Step 5-REFLECTION AND VALIDATION
Partner 2 reflects to Partner 1 what they heard them say. If Partner 1 is satisfied that Partner 2 heard them and understands, they acknowledge this. If Partner 1 does not feel Partner 2 heard what they were saying or misinterpreted their words, they repeat this in another way, so Partner 2 does fully understand. Example is Partner 2 may say “I heard you say you didn’t like that I didn’t take the garbage out” and Partner 1 may respond “I said that I felt ignored because of the action you took, I did not understand why you were ignoring me” then Partner 1 would respond “Oh, you felt ignored when I didn’t take the trash out”.
Step 6-PERSPECTIVE
Partner 2 now has the chance to verbalize their perspective in the situation. This is not a ‘defend’ yourself moment, this is telling your side of what you experienced. The whole of this exercise is to get away from accusing and projecting and to come to accountability for our own actions and thoughts. Example: Partner 2 says “I heard you ask me to take the garbage out, but I was having a stomachache and went to the bedroom to lay down. I didn’t purposefully ignore you; I just wasn’t feeling well and then I forgot.” This step is awesome because a lot of the time we make these assumptions about what our partner was doing or thinking in a moment without ever getting their actual perspective. I see so many couples breathe with relief in this step, because they are seeing the situation through their partners eyes versus through their own resentment and anger.
Step 7- STEP 5 AGAIN
Yes, repeat of step 5, this time it is Partner 1 who does the reflecting of Partner 2’s perspective. Example: “I heard you say you weren’t feeling good, and you had to lay down and just forgot” and then Partner 2 would say “Yep, that’s about it.”
Step 8-RESOLUTION
Almost there, time to solve the issue. Both parties throw out all the solutions they can think of, my recommendation is each partner comes up with at least 2 solutions to the problem. This is a time to think outside of the box, we tend to get stuck in our feelings about the specific situation and get lost in reaction versus using brainstorming and cooperation to solve the issue (which will help solve all future issues as well). Once each partner has laid out their solutions, then you discuss each of them until you agree on the one or ones you want to use in the future. Example: Both partners agree that the next time a similar situation arises that Partner 2 will communicate they are sick and that they will get the chore done later in the day or ask Partner 1 to do it for them that night and they will make up for it the next day by doing one of Partner 1’s chores.
Step 9-FOLLOW THROUGH
Last step.
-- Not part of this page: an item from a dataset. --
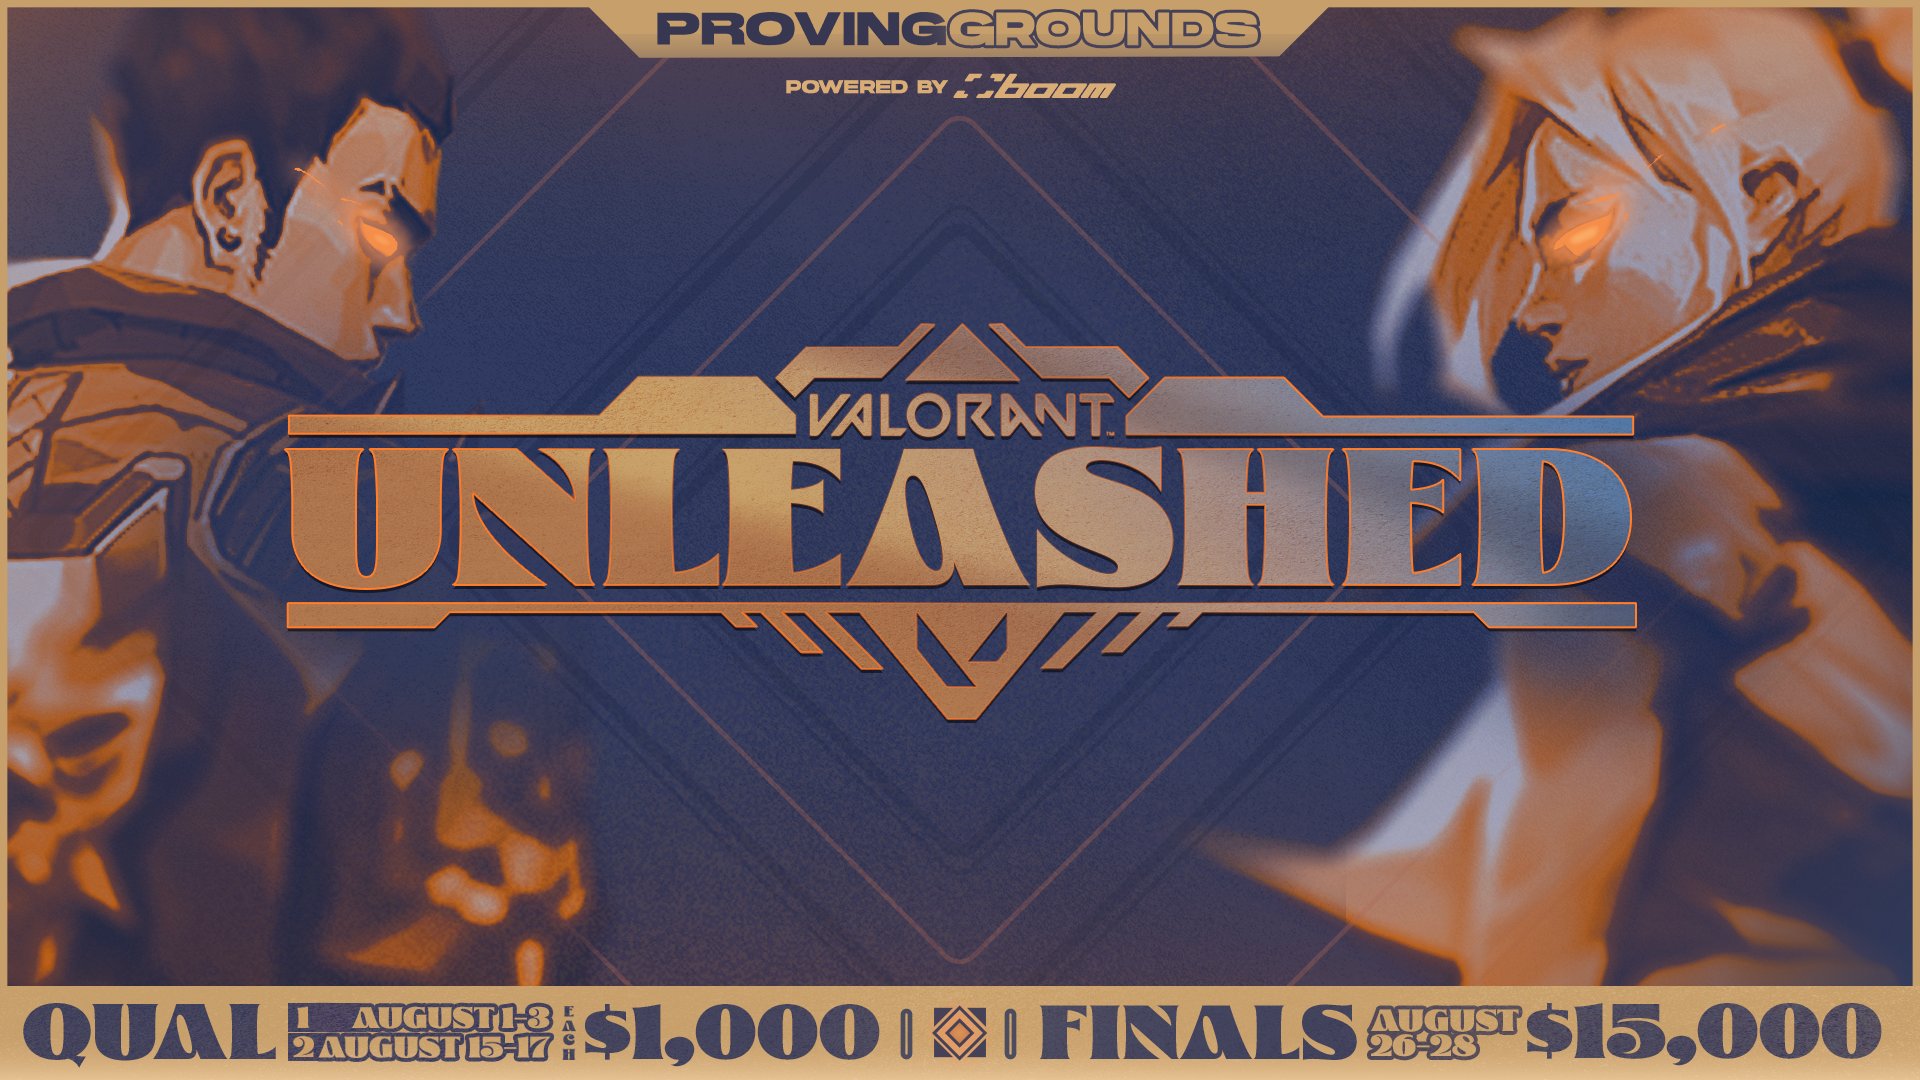 Valorant Unleashed tournament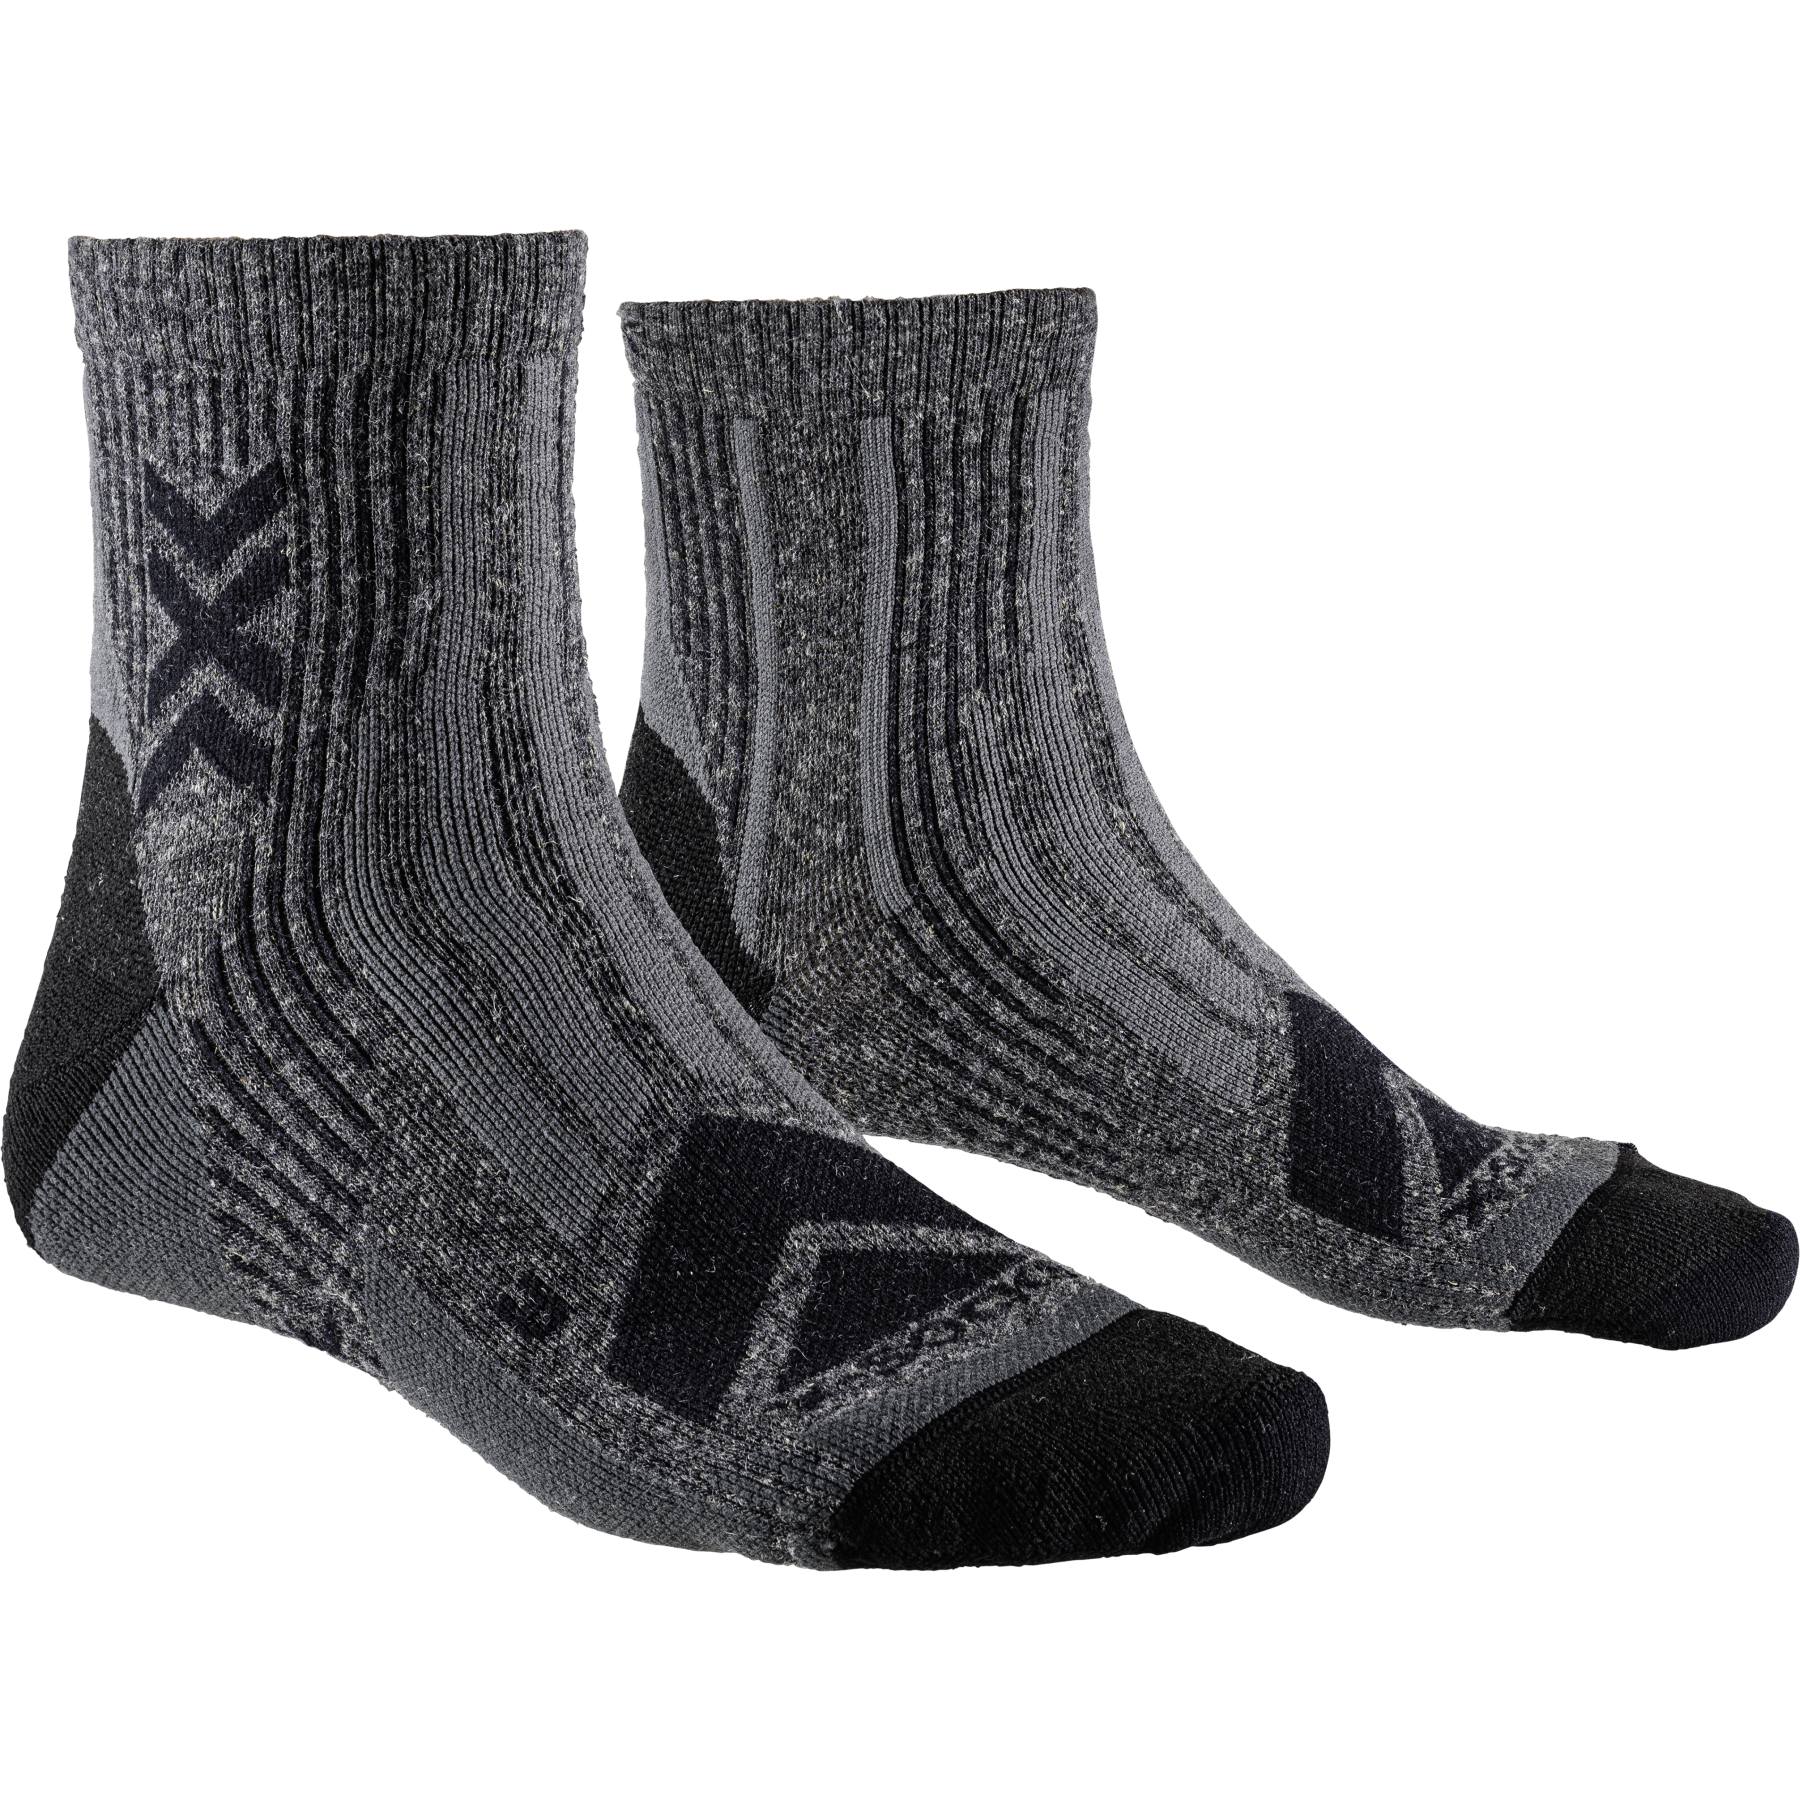 Image of X-Socks Hike Perform Merino Ankle Socks - black/charcoal

This is the most important one too, because if this one doesn’t get completed all the previous steps were for nought. I encourage couples to write down the situation and the solutions they decided on into a notebook. This is not necessarily a permanent thing, more to get the habit solidified. Then, when another similar situation arises, you follow your plan of action and see how differently it turns out.